What’s New in Research and Treatment for Pediatric Liver Tumors?

Recent headways in pediatric liver tumor treatment include more targeted therapies that aim to hone in on the cancer and destroy it — while reducing the toxic effects of treatment on the body, when possible.

Liver tumors arise in the liver, the organ in the upper-right corner of the belly. There are two main types of liver tumors in pediatric patients, which are both very rare: hepatoblastoma and hepatocellular carcinoma. The former typically affects children aged three or younger, whereas the latter typically affects older children, adolescents, and adults.

Historically, clinicians have used two main mechanisms of treating liver tumors: chemotherapy and surgery. Surgery, however, remains the mainstay of liver tumor treatment and needs to be performed concurrently with chemotherapy. In cases where the tumor cannot be treated through surgery alone, liver transplants can be an option.

In the last few years, clinicians have been able to take treatment a step further through interventional radiology. This method allows direct delivery of chemotherapy or radioactive compounds through blood vessels, sparing the rest of the body from the toxic effects of chemotherapy and delivery treatment straight to the tumor, Allison F. O’Neill, MD, Director of the Pediatric Liver Tumor Program at Dana-Farber/Boston Children’s Cancer and Blood Disorders Center, said in a recent Facebook Live Q&A.

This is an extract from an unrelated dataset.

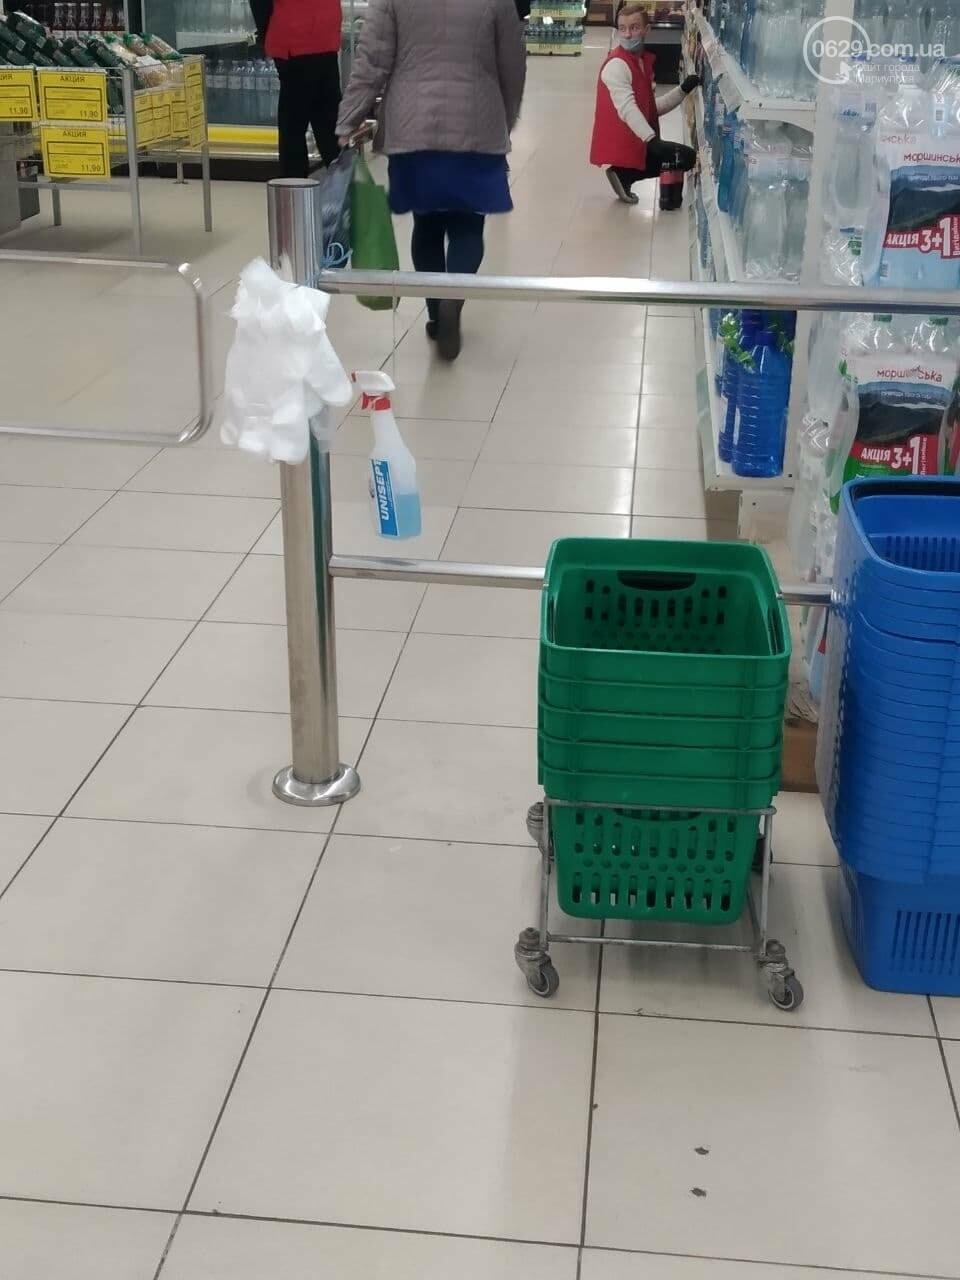 Скупиться и не заразиться. Рейтинг безопасности мариупольских супермаркетов, - ФОТО, фото-7

Clinicians are also able to treat some pediatric patients with “low-risk” hepatoblastoma – traditionally defined as patients who can have their cancer treated with surgery right when they are diagnosed – with lower doses of chemotherapy than ever before, while still achieving excellent outcomes, according to O’Neill.

Similarly, hepatoblastoma patients with “high-risk” disease – meaning, cancer that has spread to other parts of the body – have been able to be treated with chemotherapy drugs and other therapeutic regimens that work “so much better than before,” O’Neill said. This patient population once had a 50 percent survival rate, and now has a survival rate of more than 80 percent, O’Neill added.

At Dana-Farber/Boston Children’s, some hepatocellular carcinoma patients have been treated with immunotherapy, a type of treatment that uses the body’s immune system to fight cancer. Some have responded well to the therapy, and it should be studied further as an option for these patients, O’Neill said.